Jebreal, who said she admires Israeli authors David Grossman and Amos Oz, and draws inspiration from the Italian Jewish writer Primo Levi’s account of his year at Auschwitz, said “Miral,” though written as a novel, is essentially her own story: Like her character, she was sent to live at the Arab Children’s House at age 5, after her mother committed suicide by walking into the sea; she was raised by Hind al-Husseini, the Palestinian woman who founded the orphanage, and by her pious father, whom she would visit on weekends.
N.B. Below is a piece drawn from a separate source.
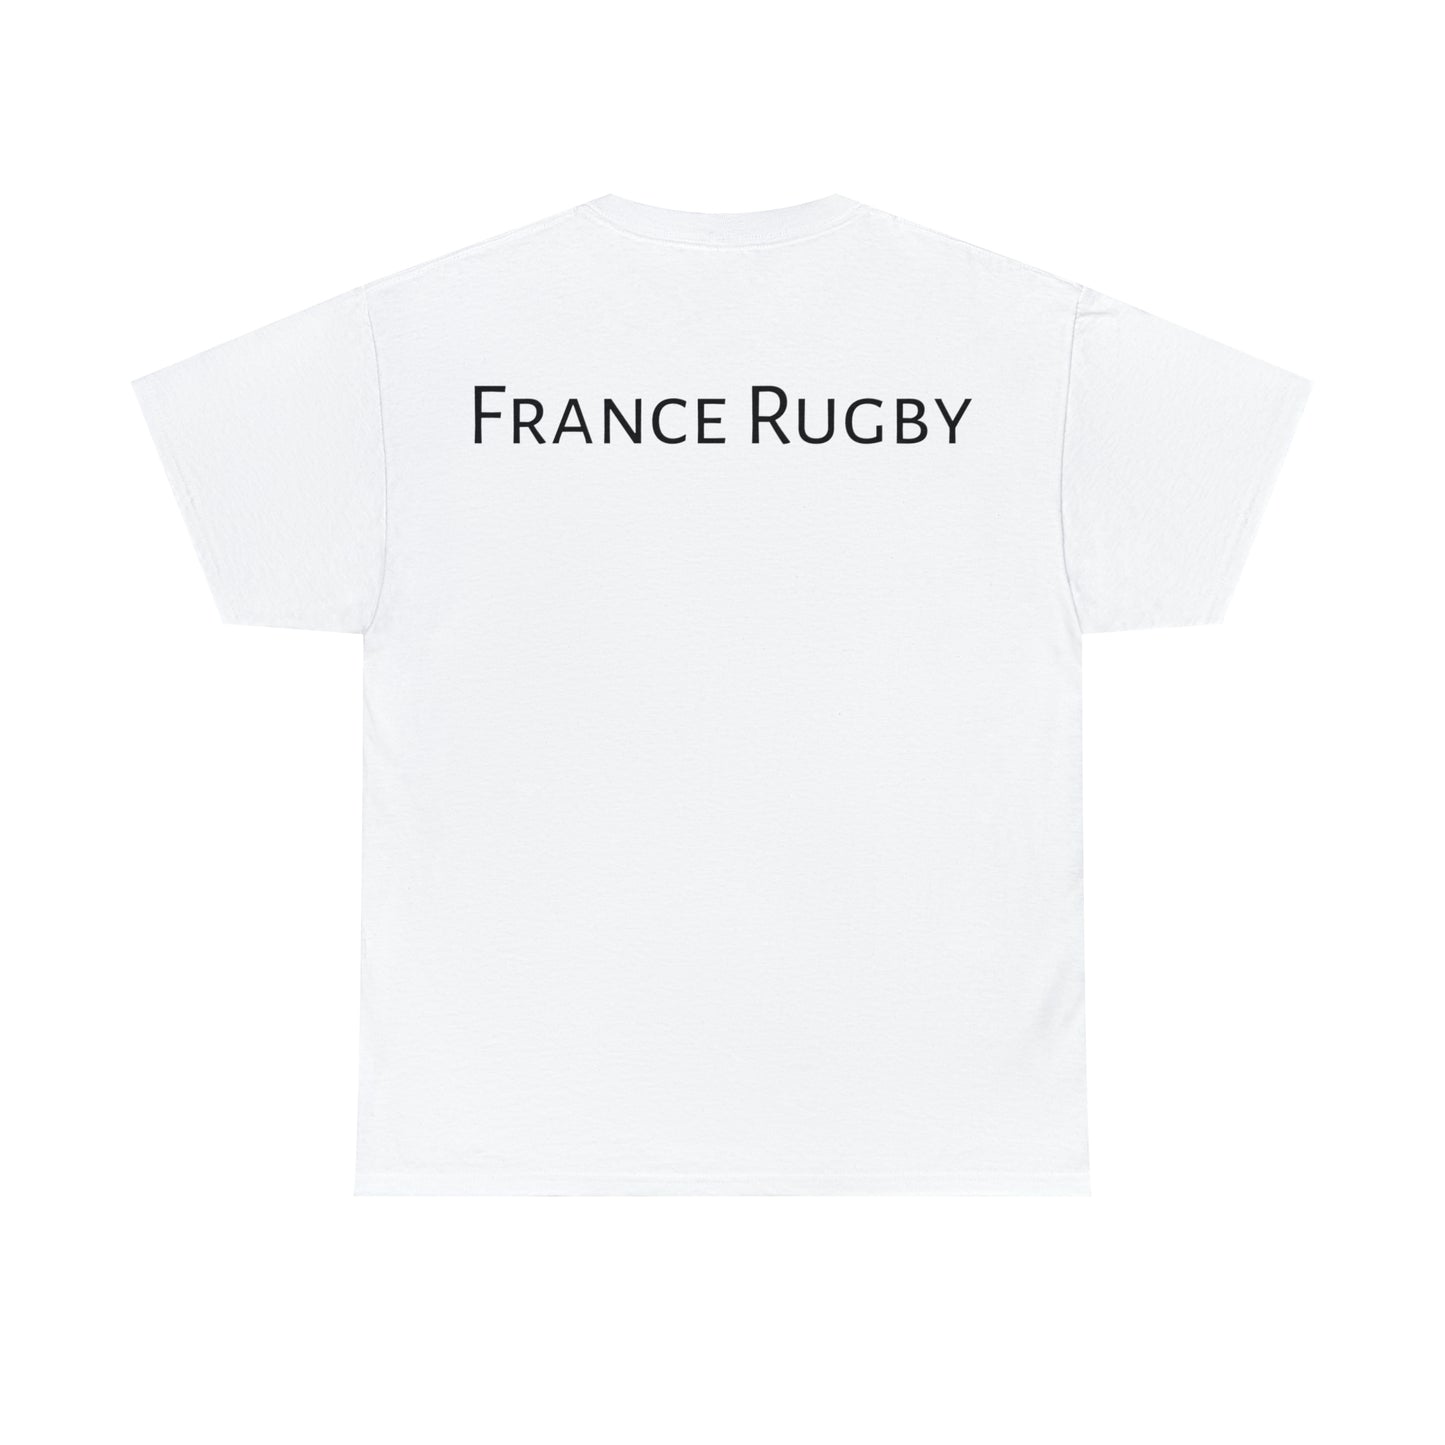 Post Match France - light shirt

Eventually, she earned a scholarship to study in Italy.

Even now, at age 37, a successful journalist and the author of three books, Jebreal said she often feels “uncomfortable admitting to being Palestinian” because of prejudices in the West. “One of the reasons I’m proud and happy this movie is here is that it will break some of those taboos about who are the others, who are the Palestinians — and see them as humans,” she said.

Schnabel said that the process of making the film, shot in Israel and the West Bank, exposed him to different perspectives on the conflict and gave him a greater understanding of the history and lived experiences of the Palestinians. He explained, for example, that growing up, he had heard all about the deadly 1948 Arab attack on the Jewish doctors and nurses en route to Jerusalem’s Hadassah Hospital; but it wasn’t until he read “Miral” that he heard about the massacre of Arab villagers at Deir Yassin, which took place just four days earlier.
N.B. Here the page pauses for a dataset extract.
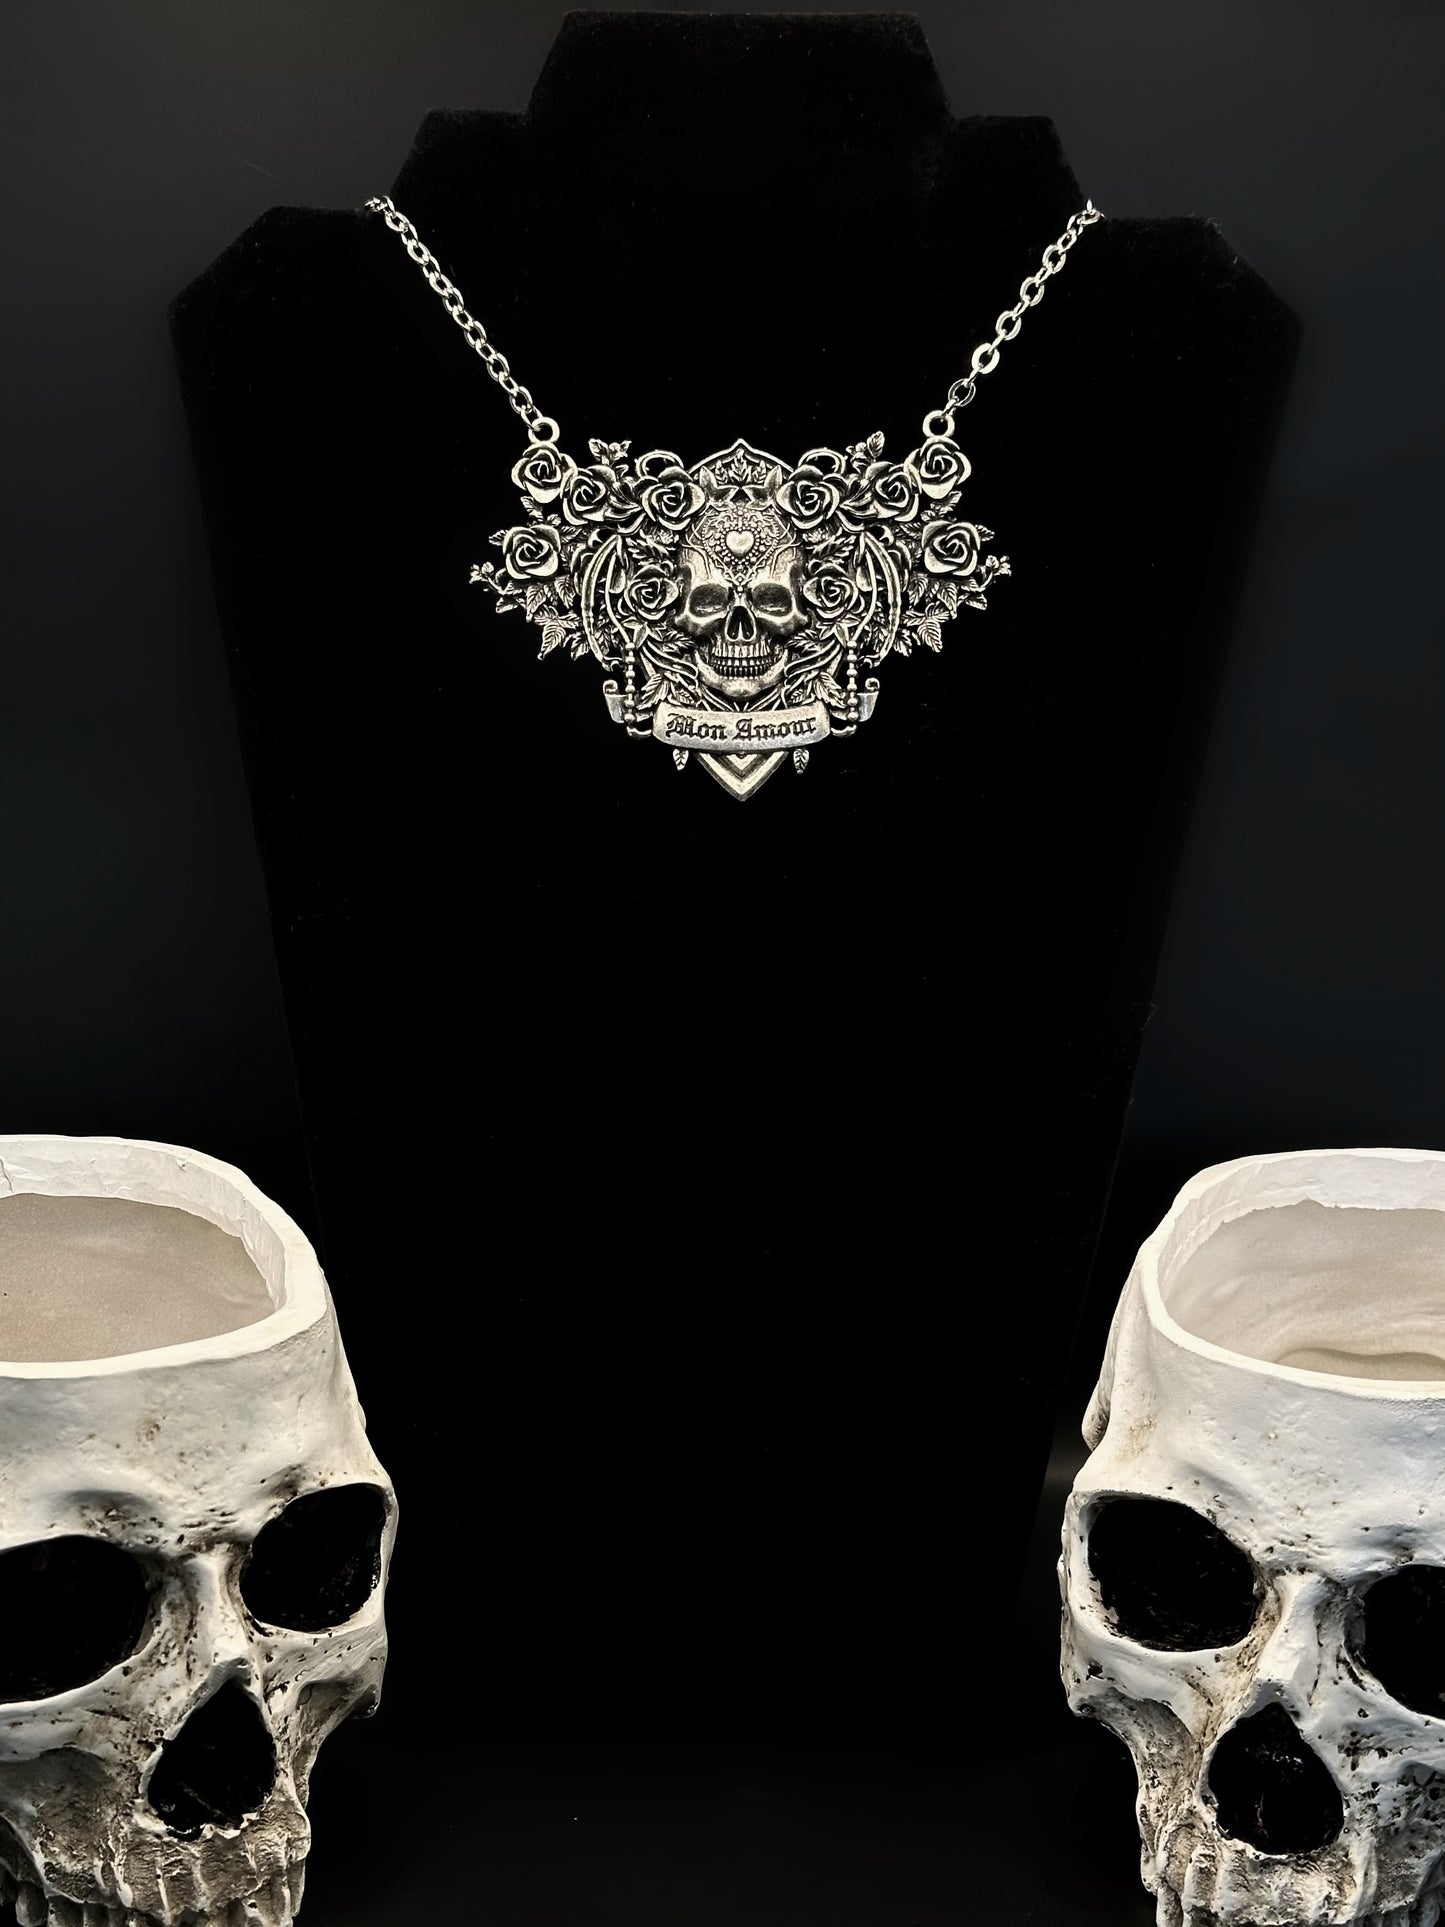 MON AMOUR - cast alloy necklace

“Jean Renoir said that the problem with the world is that everybody’s got their reasons,” Schnabel said, during the interview at Palazzo Chupi. “There’s no reason good enough for a child to die, whether it’s an Israeli child or a Palestinian child. And the insanity of what’s going on over there just has to stop and people, nonviolent people, have to have a revolution, and they have to stop accepting the logic of fanatics on both sides. I mean they have to get rid of their leaders. You can’t follow Hamas, and you can’t follow Bibi Netanyahu. These people are nuts, all of them.”

Even if he’s not keen on the current Israeli government or its policies, Schnabel said that like his parents before him, he cares deeply about the future of the state. “My mother drove my father crazy selling youth aliyah tickets and trying to build a tree in Israel or getting things for the Hadassah Hospital,” he told the crowd gathered at the U.N. screening. “She really believed in this utopic democratic place — and I do too. But it can’t exist like this. I think the settlements are an absolute impossibility.”
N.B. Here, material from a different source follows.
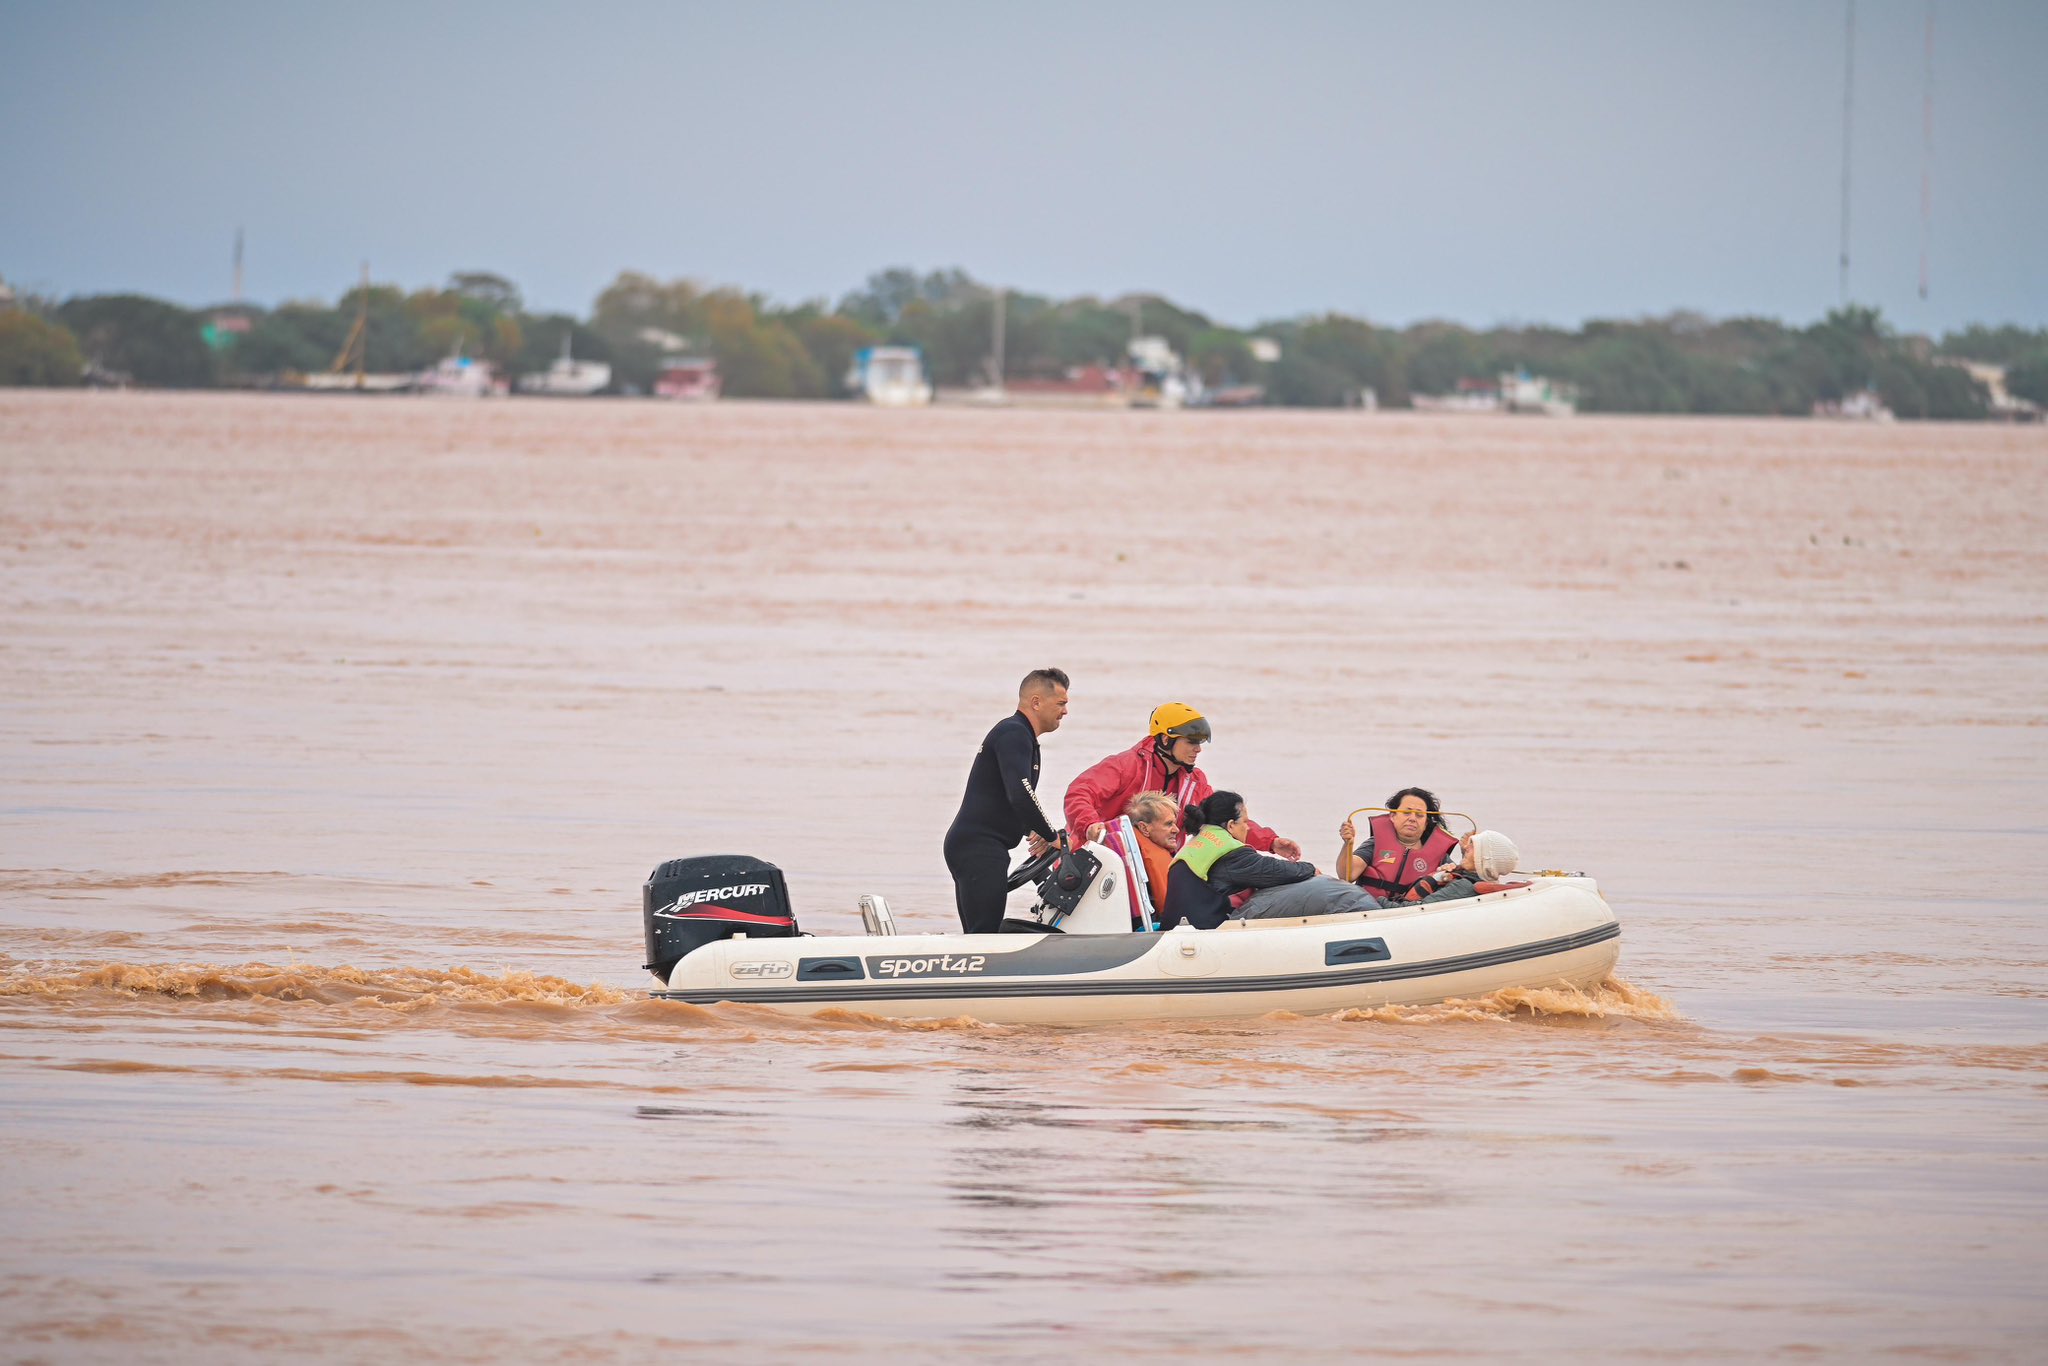 Enchentes no Rio Grande do Sul são ‘desastres pelas mudanças climáticas’, diz Le Monde

“Miral” opens March 25 in New York and Los Angeles, and the Weinstein Company is trying to capitalize on the controversy. A full-page ad for the film in The New York Times, featuring a drawing of the movie’s protagonist staring through barbed wire shaped into a Star of David, bills “Miral” as “the movie they tried to stop.”

The Weinstein Company did not return a call seeking comment.